■ EXERCISE: Starting at the line that contains "Screenshot_20201008-150725_Chn Sn nh.", return every line through the end of the data exactly, without pictures.

■ THE DATA:
-*-*-

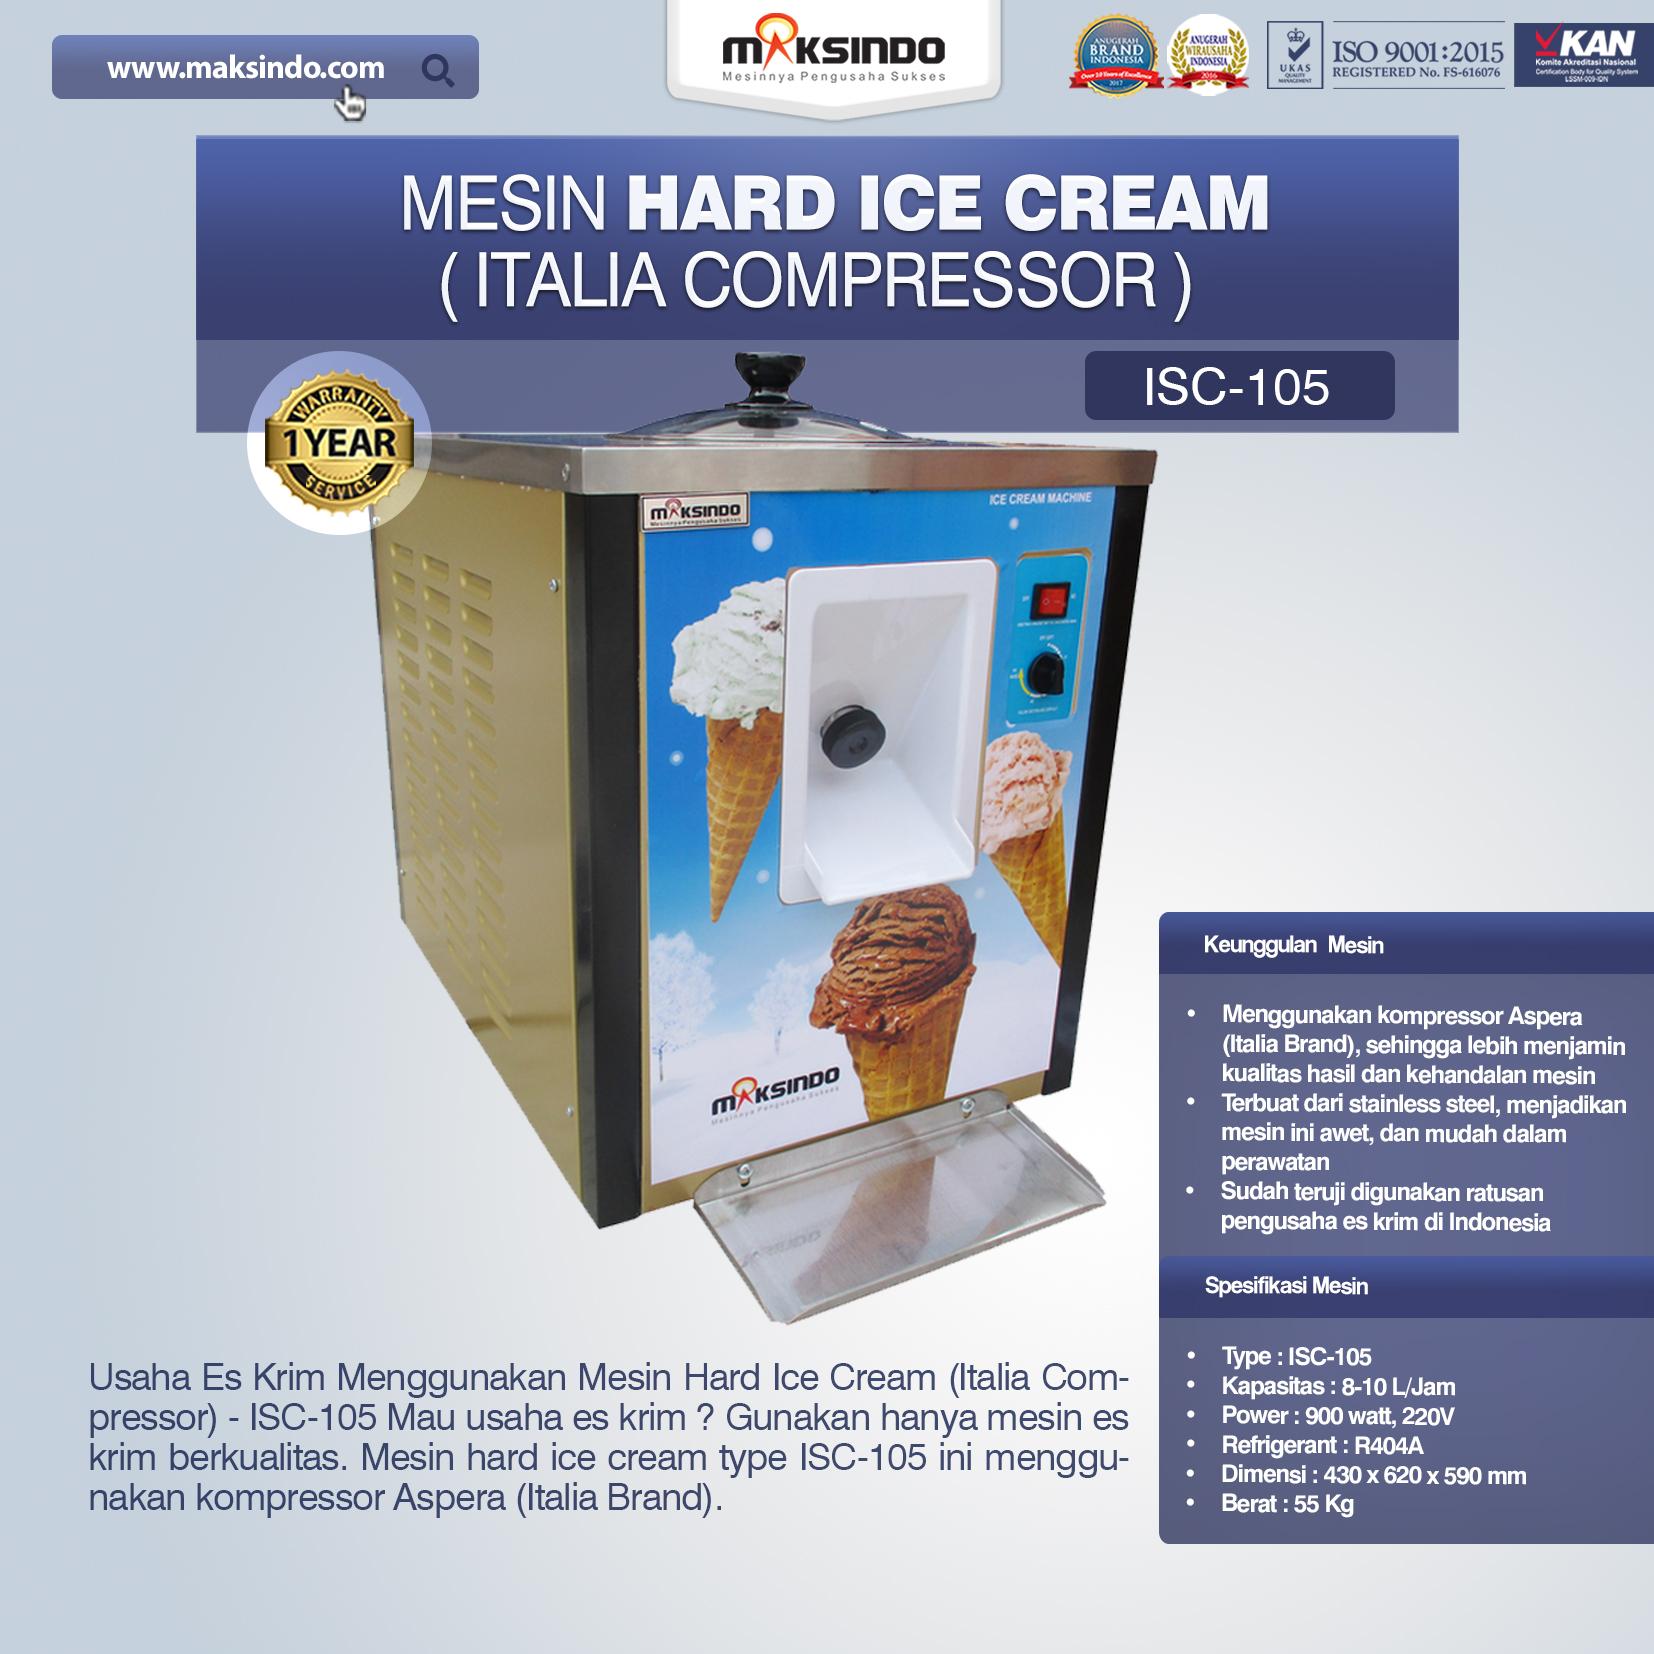 Jual Mesin Hard Ice Cream (Italia Compressor) – ISC-105 di Bandung
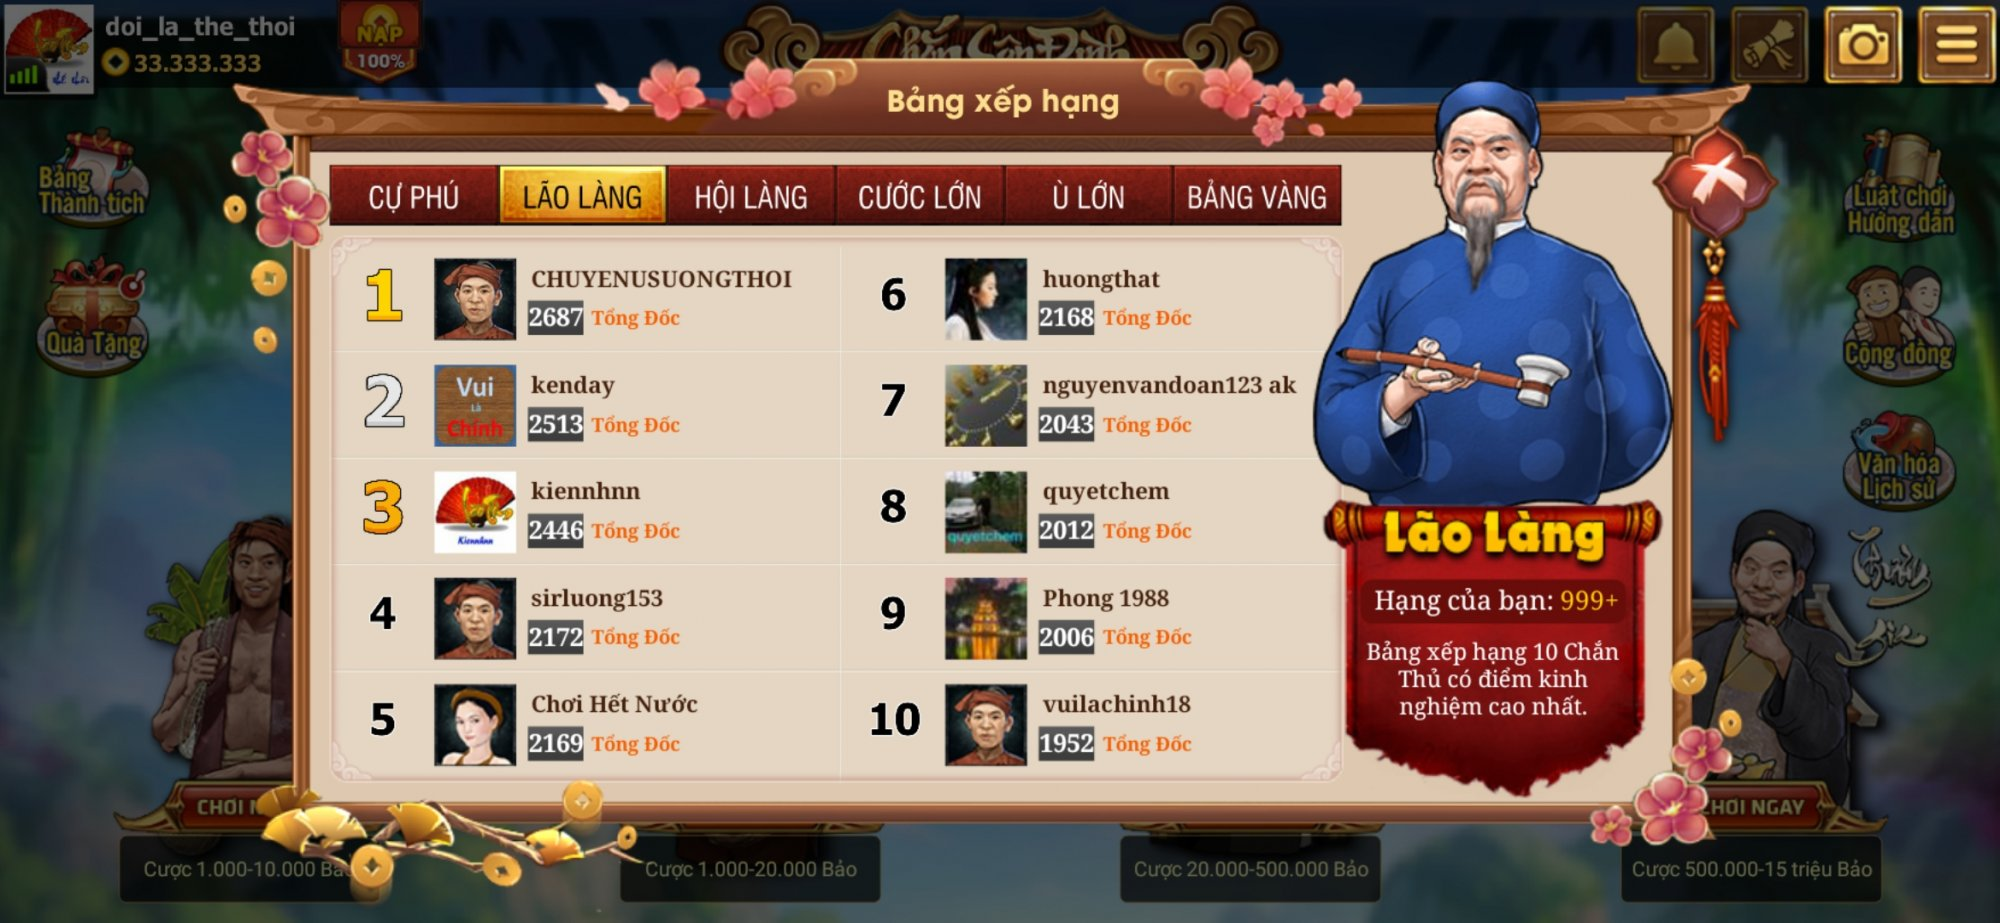 Screenshot_20201008-150725_Chn Sn nh.
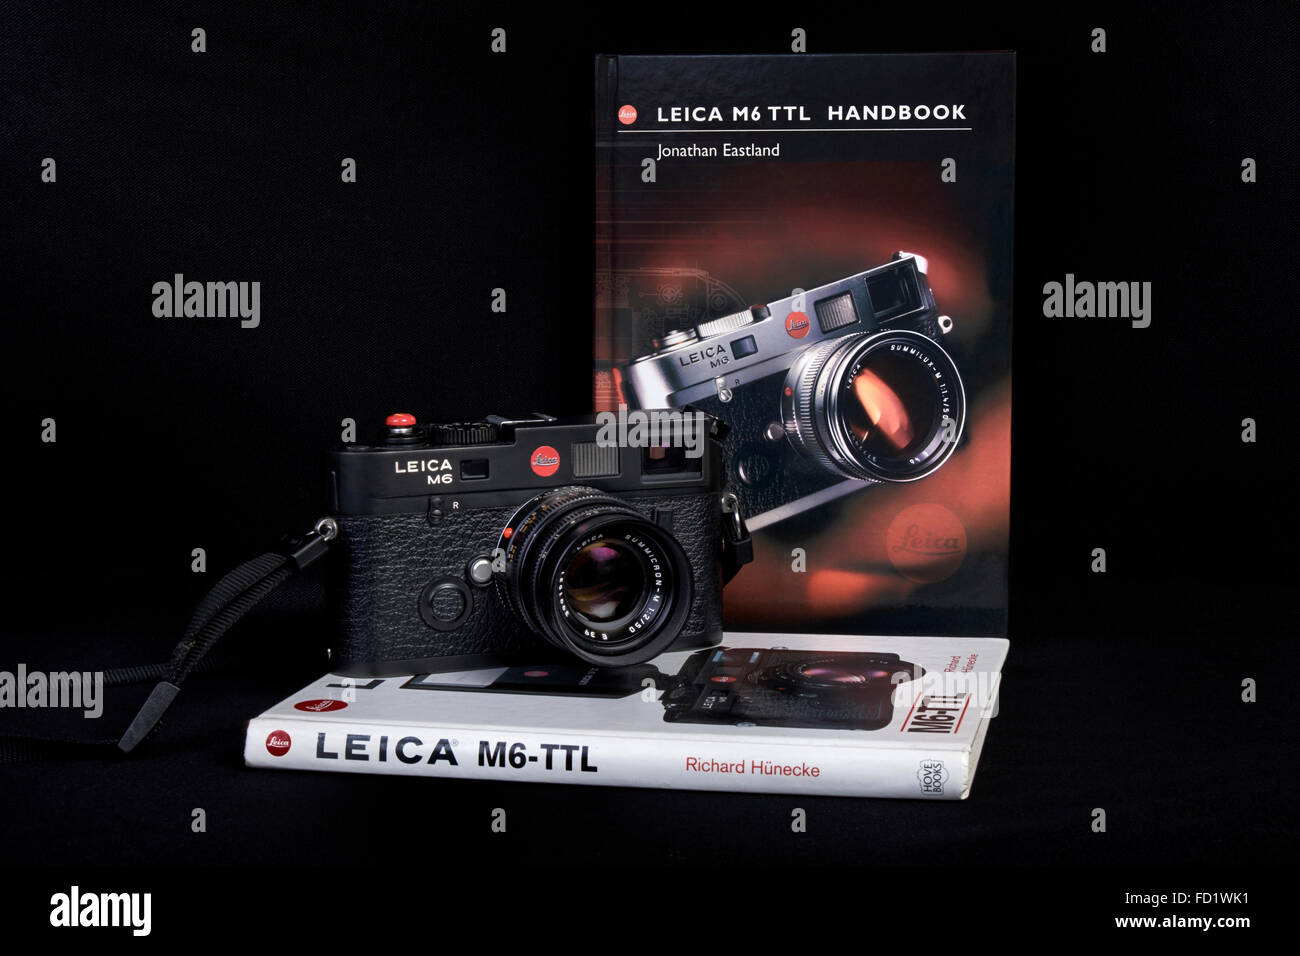 Leica M6 TTL classic 35mm vintage rangefinder film camera and handbooks. Stock Photo

-*-*-

■ RESPONSE TO THE EXERCISE:
 Screenshot_20201008-150725_Chn Sn nh.
 Leica M6 TTL classic 35mm vintage rangefinder film camera and handbooks. Stock Photo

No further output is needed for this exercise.